▶ _YOUR GOAL_:
Search the material for the word "Таблица" and report each line where it turns up.

====== SOURCE INFORMATION

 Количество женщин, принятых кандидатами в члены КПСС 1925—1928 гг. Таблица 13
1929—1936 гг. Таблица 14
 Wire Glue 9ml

============
====== SOURCE INFORMATION

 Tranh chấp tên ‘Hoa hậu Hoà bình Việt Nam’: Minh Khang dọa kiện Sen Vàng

============
====== SOURCE INFORMATION

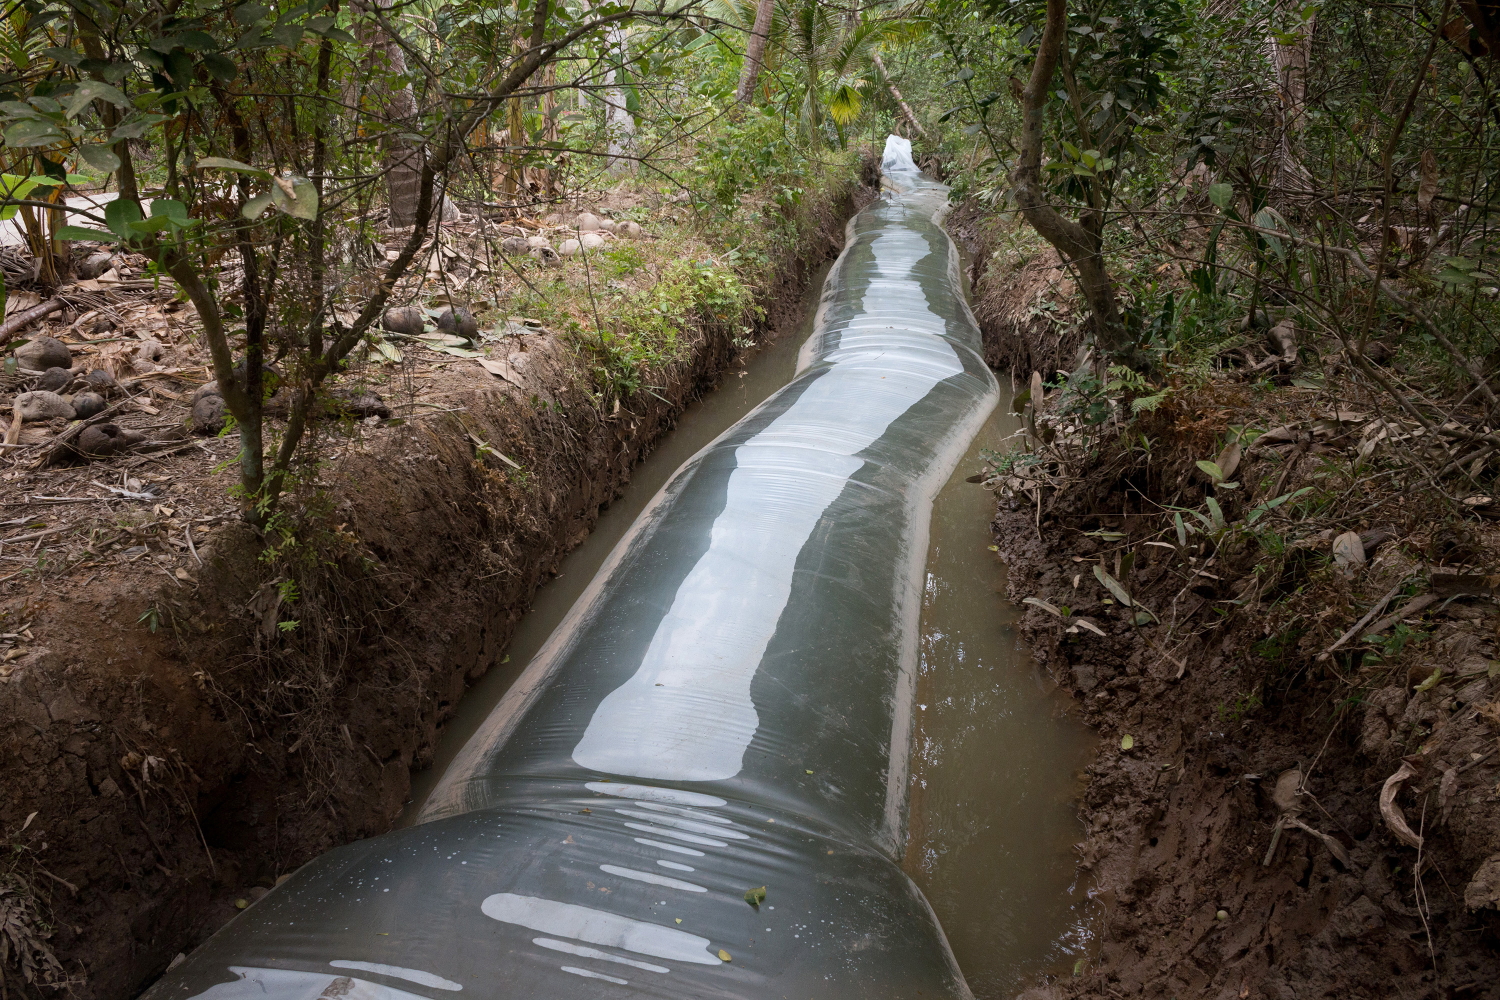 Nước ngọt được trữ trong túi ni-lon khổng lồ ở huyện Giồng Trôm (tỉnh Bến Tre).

============

▶ _EXERCISE RESULT_:
 Количество женщин, принятых кандидатами в члены КПСС 1925—1928 гг. Таблица 13
1929—1936 гг. Таблица 14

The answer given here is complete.